Australians love Tina Turner. And they proved it en masse, when virtually 6,000 followers confirmed up at an outback social gathering to bop the “Nutbush,” setting a brand new document within the course of.
The Big Red Bash in Birdsville, a distant Queensland city 1,000 miles west of the state capital, Brisbane, has raised the document in years previous.
But on this event, simply weeks after Turner’s loss of life, on the tenth anniversary of the pageant, and the fiftieth anniversary of “Nutbush City Limits,” the previous mark was squashed.

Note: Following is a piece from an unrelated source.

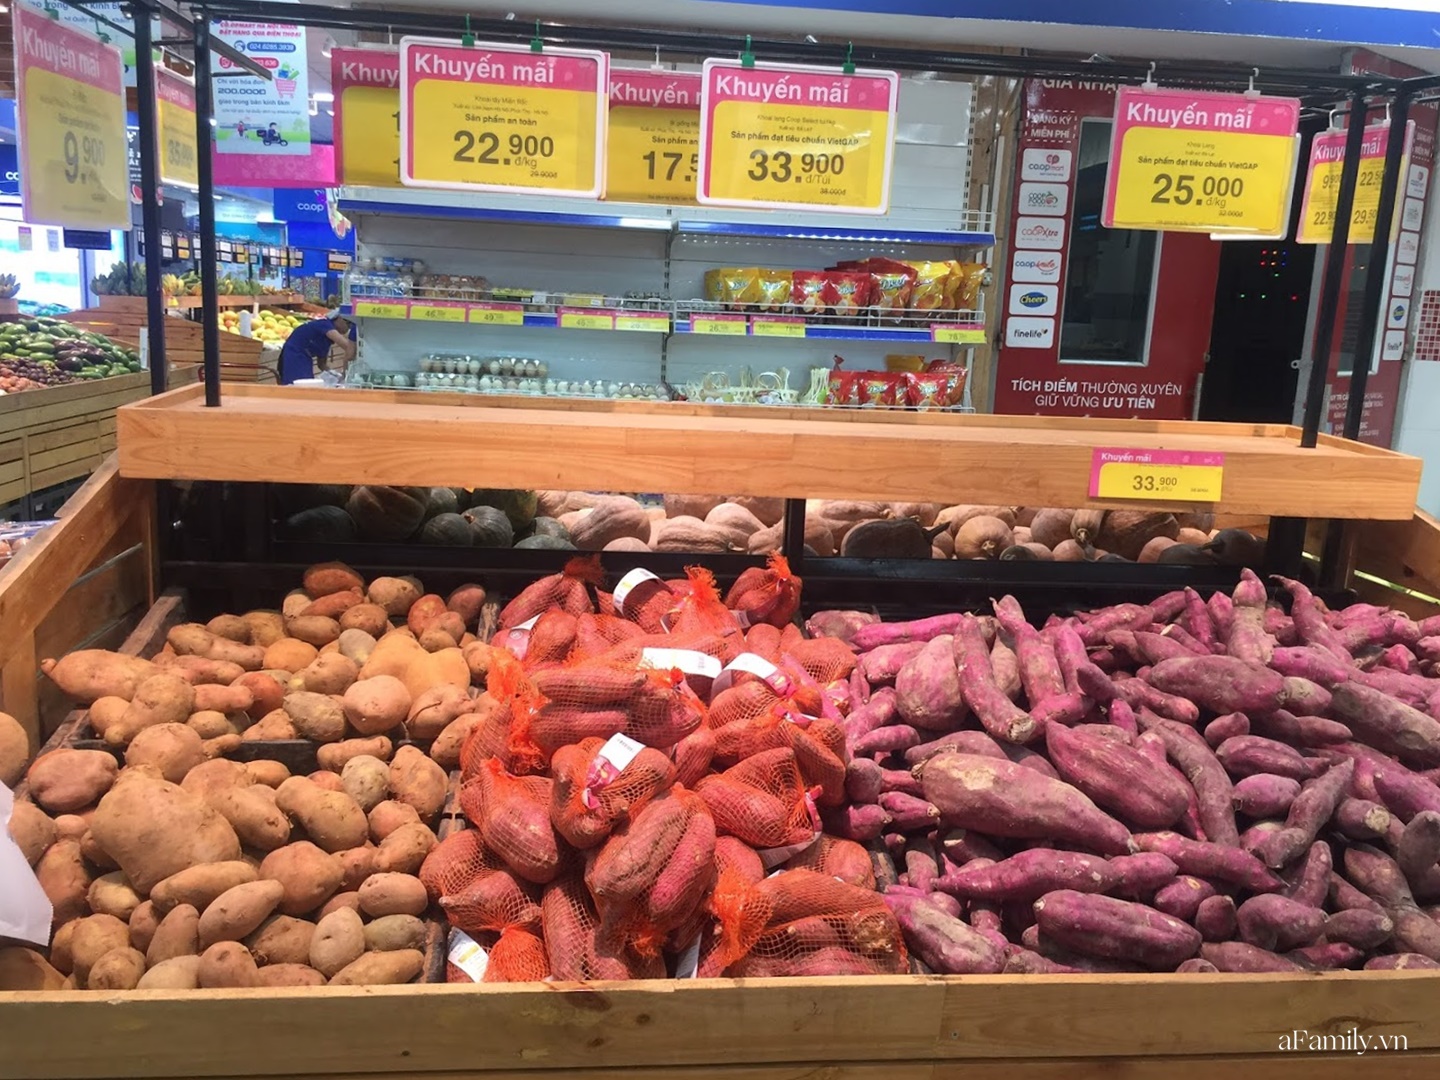 Nông sản Việt chiếm ưu thế trên kệ hàng ở các siêu thị lớn - Ảnh 5.

According to the Australian Broadcasting Corporation, 5,838 dancers did their factor — many sporting colourful outfits for the event. That determine simply eclipses the previous mark of 4,084 folks, set at the identical website in 2022, and the 1,719 folks recorded by Guinness World Records in 2018.
“It’s a military operation trying to get them lined up in rows and dancing for five minutes,” says Greg Donovan, founding father of the Big Red Bash, held July 4-6.
Helen Taylor, co-founder of the Australian Book of Records, caught all of the motion.
“Everyone was in the spirit of things today. It was the best I’ve ever seen,” she recounts. “We had people on crutches dancing, there was a girl dancing the Nutbush and hula hooping at the same time.”
The record-setting effort additionally raised greater than A$100,000 for charitable causes.
Australia has a deep, lasting reference to Turner. Her extraordinary solo comeback in 1984 was engineered by Roger Davies, the nice Australian artist supervisor who has guided the careers of Pink, Olivia Newton-John, Janet Jackson, Cher and lots of others.
The rock icon additionally starred as Auntie Entity in 1985’s Beyond Thunderdome, the third in George Miller’s Mad Max motion film franchise, and from 1989 to 1995, Turner was the face of the National Rugby League (then the New South Wales Rugby League or NSWRL). Followers of the game keep in mind Turner as “The Queen of Rugby League.”
Turner died May 24, at the age of 83.